From Venezuela to Peru

How One Majority World Church is Receiving Migrants from Venezuela
From Venezuela to Peru
Image: Pixabay/jarmoluk

Passersby on the walking street in Peru were speaking in what could be described as a sing-song dialect; the speakers were taller, leaner, and of darker complexion than most of the people who normally passed by.

This was 2016, and as a frequent visitor to Peru, I began to take note of a growing number of Venezuelans in the streets of one of Peru’s larger cities. The year 2017 brought a marked increase, and by May of 2018 the signs of Venezuelan diaspora were everywhere—Venezuelan flags flying above restaurants, street vendors with their flag drawn on to the cooler chests which held frozen treats, and barber shops with the tri-color of blue, red, and yellow.

Peru and Venezuela are nearly identical in terms of demographics and response to the gospel. Both have populations of about 30 million, both are about 3.1% evangelical and that evangelical population is growing at a rate of 3.2% in Venezuela and 4.2% in Peru (Operation World).

A great difference between the two is the rate at which people are leaving Venezuela. During the Chavez years, there was migration out of the country as people left for a variety of reasons. In 2005, for example, 437,000 people left Venezuela for various parts of the world, but mostly North America.

As the economy of Venezuela has deteriorated, Peru has become a destination of convenience.In 2015, just over 2,000 people entered Peru from Venezuela; significant for a small neighbor, but nothing like the 354,000 who arrived in 2018 (Migration Trends, 2018).

I traveled to Peru in March of this year and asked a ministry colleague if he could locate refugees and pastors who would be willing to tell their stories.
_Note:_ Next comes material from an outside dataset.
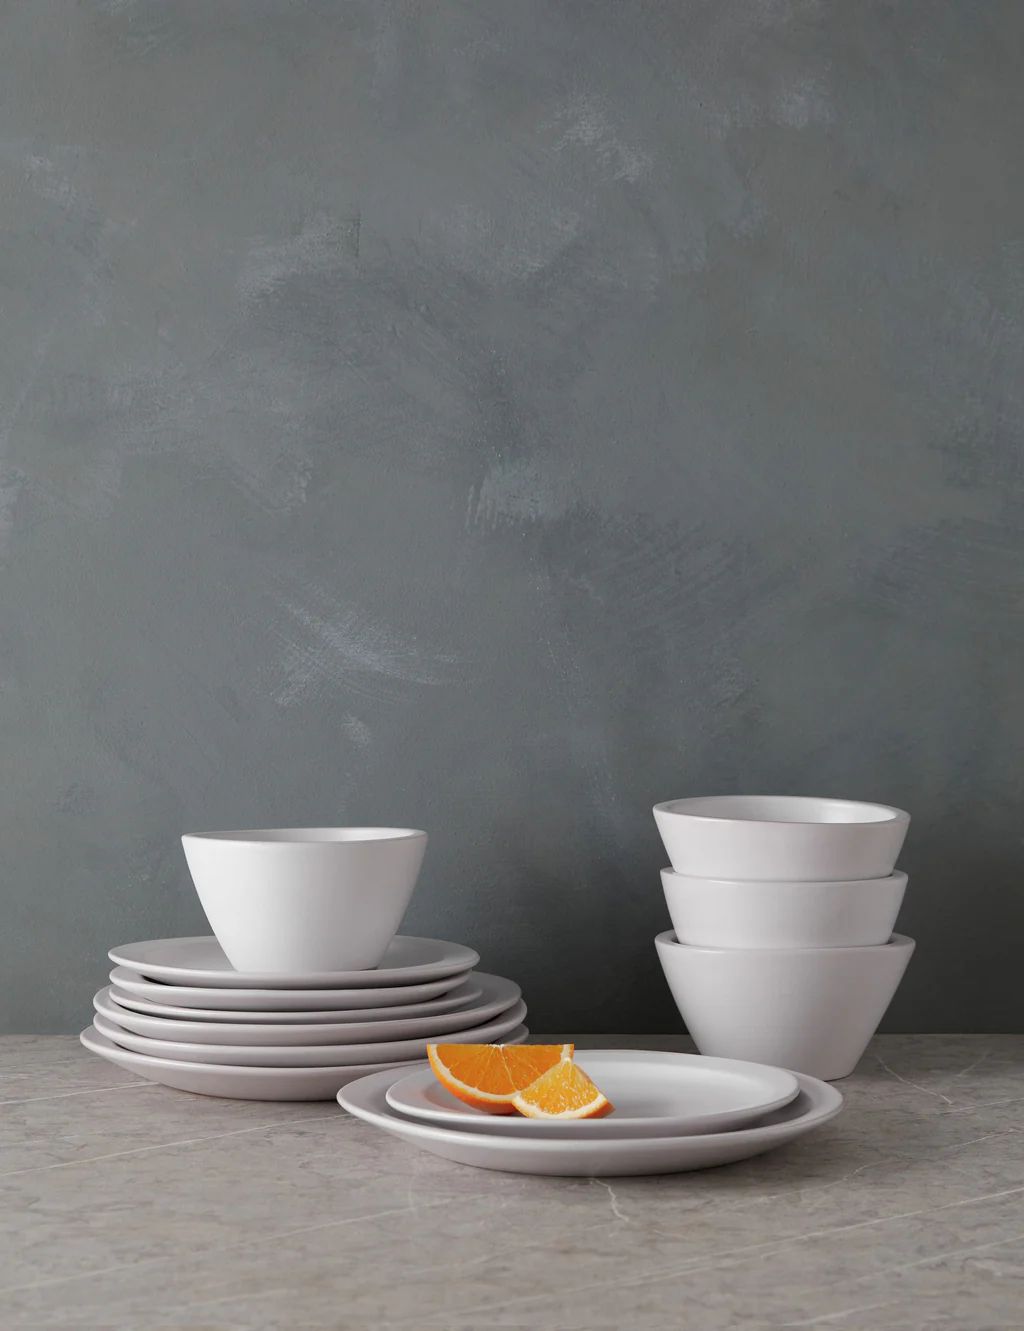 Aluna Dinnerware Collection (12-piece set) by Eny Lee Parker | Lulu and Georgia

Our interviewees were in a secondary city of Peru and a far cry from the capitol of Lima at a population 1.5 million people, compared to 10 million. Why would large numbers of Venezuelans settle in this city? The distance from Caracas to the city is a walk, ride, or combination of nearly 3,800 kilometers—an expanse roughly equaling a journey from New York to Phoenix.

In 2015, when the immigration began, there were dozens who had family in the city while others were just tired of traveling and needed to stop.

Johana is from Caracas. She is in her early forties and is dressed neatly. Johana is a single mother who left Venezuela in March 2018 with three in-laws and her 18-year-old son. She said that she had put up with all of the changes, poverty, and the long lines for basic necessities, but “when the government massacred three hundred young people for protesting, I knew I had to leave.”

Johana sold the inheritance she had received from her parents: a three-apartment building that was designed “for middle class people back when we had a middle class” and a nearly 40-acre working farm for the total sum of 120 U.S. dollars.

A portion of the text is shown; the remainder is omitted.